Epidermolysis Bullosa (EB) is a rare genetic connective tissue disorder. There are many different variations of EB, but all share the common symptom of blistering skin that could tear and disintegrate due to any sort of minor movement or trauma. Blistering is not always confined to the outer skin of the body, esophagus, mouth, and inner lining of stomach is affected as well. Any victim of EB experiences constant pain can be extremely enervating and in some cases deadly before the age of 30. EB affects 1 out of every 20,000 live births. There are five major types of EB: Simplex, Junctional, Dystrophic, Kindler Syndrome and Aquisita. The severity of the disease can depend on the diagnosis of the type.

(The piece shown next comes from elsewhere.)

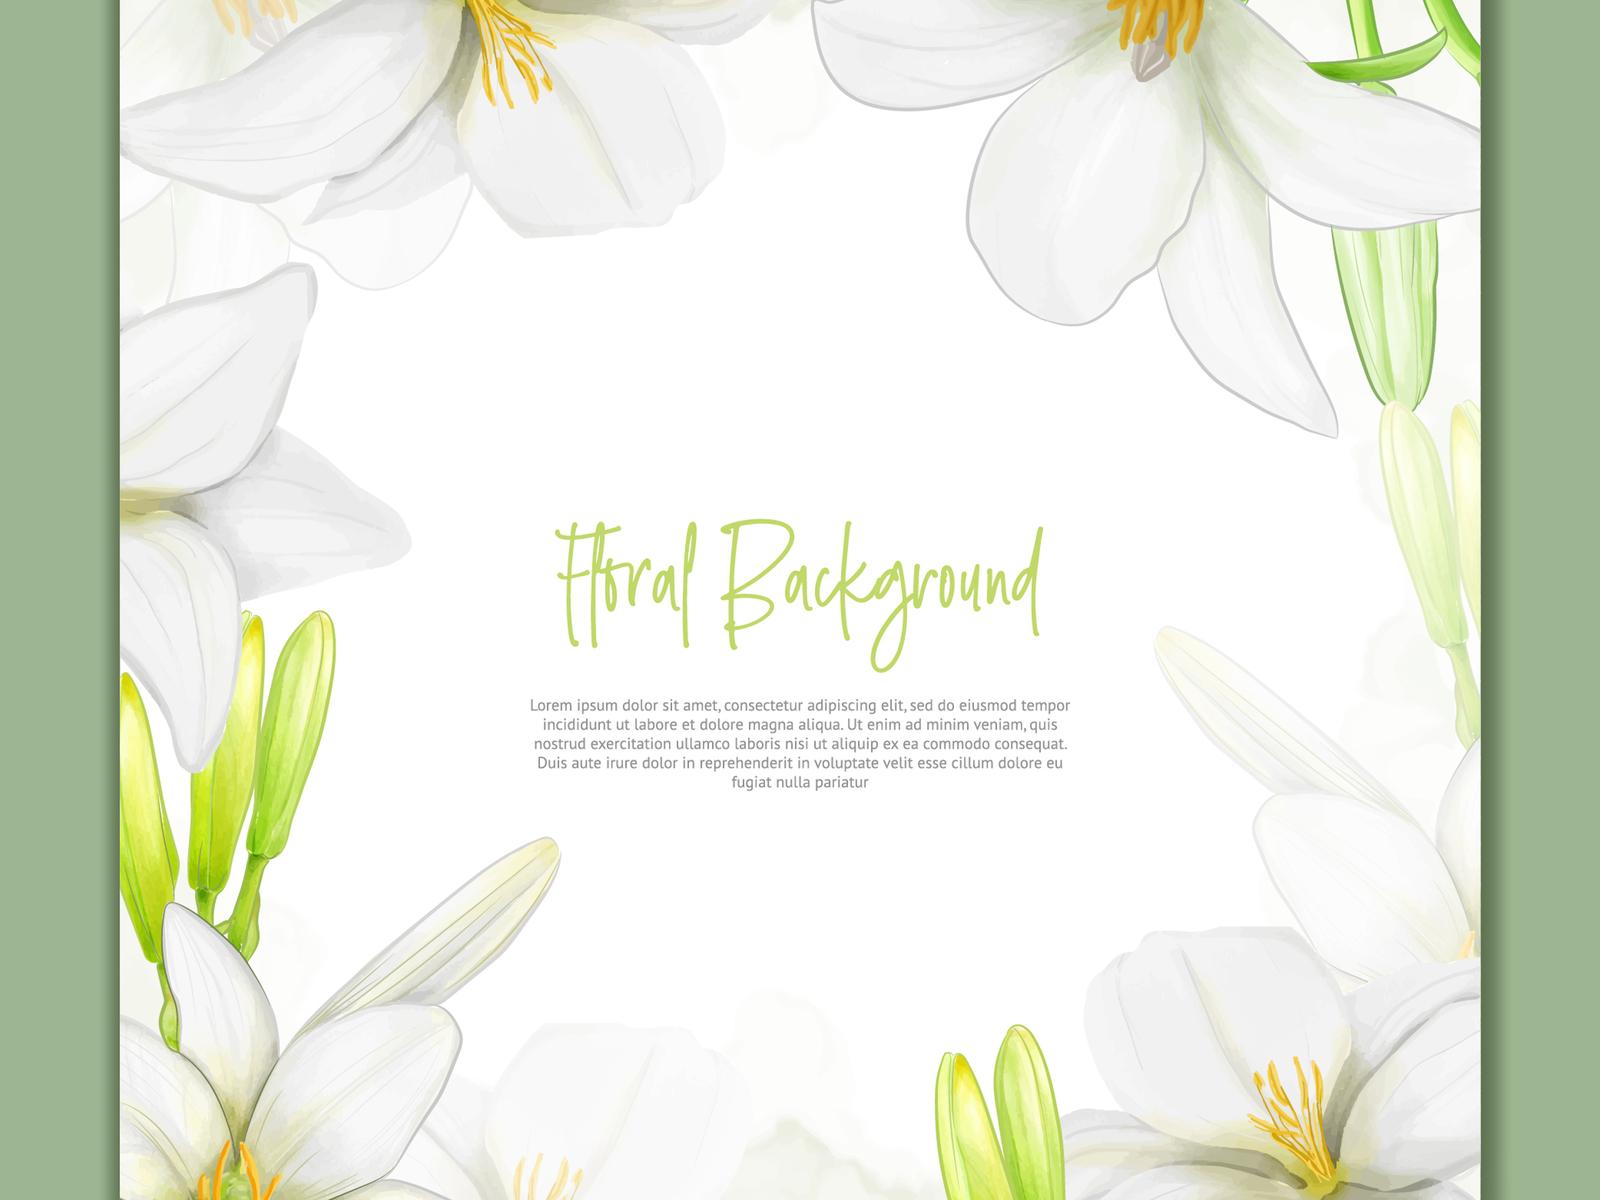 Beautiful lily flowers background in watercolor style by volcebyyou httpsfreepikpremium vectorbeautiful lily flowers background in watercolor style3028910m izmirmasajfo

Children born with the disease are often referred to as “Butterfly Children” because their skin is just as fragile as the wings of a butterfly. What may cause minimal effort for any other individual can be a constant battle for those affected by EB. This includes difficulty swallowing or inability to wear clothing due to blistering which causes the body to be completely wrapped in special bandages.

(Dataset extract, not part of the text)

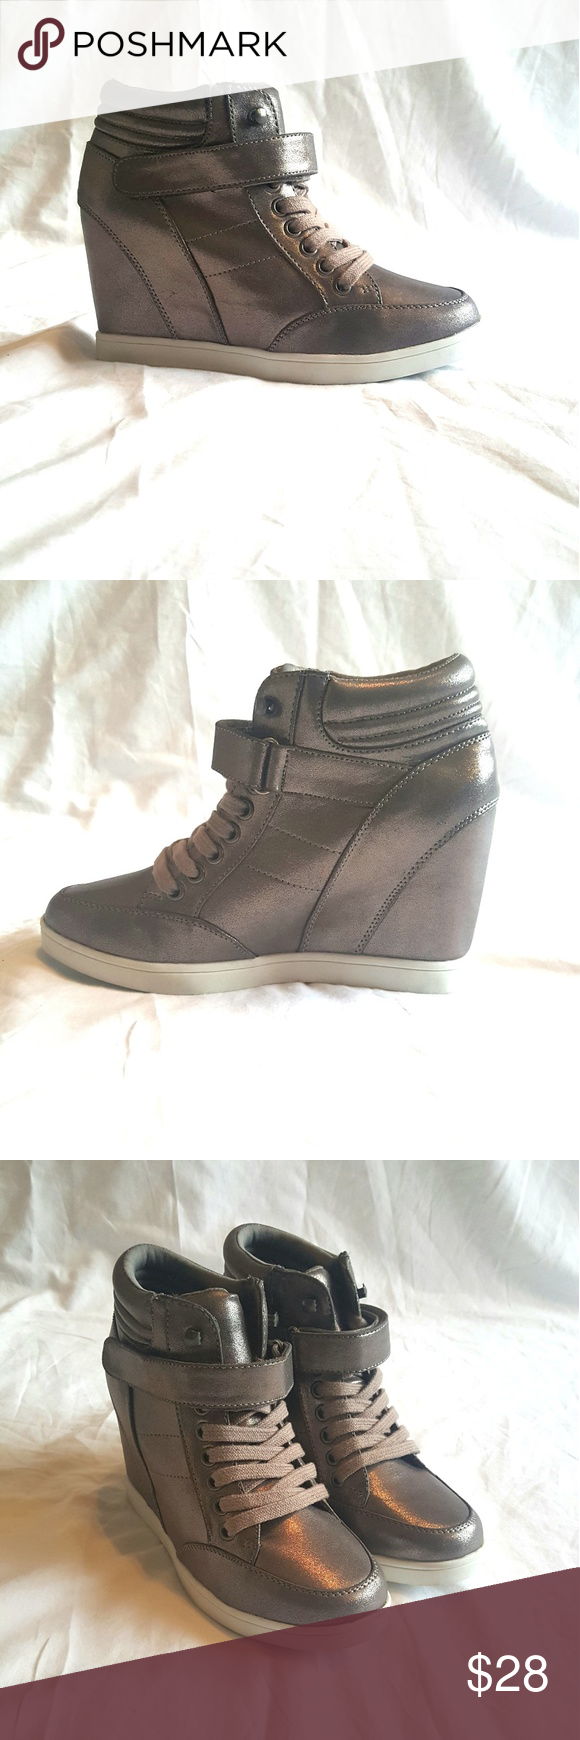 d3fd27f7d0b Madden Girl Finkyy Wedge Sneakers Brand New

Unfortunately, there is NO CURE for EB. However, improvement of symptoms can be made. This can include prevention of pain and infection, bandaging, surgeries, and care for wounds/blisters. Those requiring their entire bodies to be wrapped are in need of special bandages, which are in high demand but low supply. Additionally, consistent surgeries are needed to help those who have complications from the disease.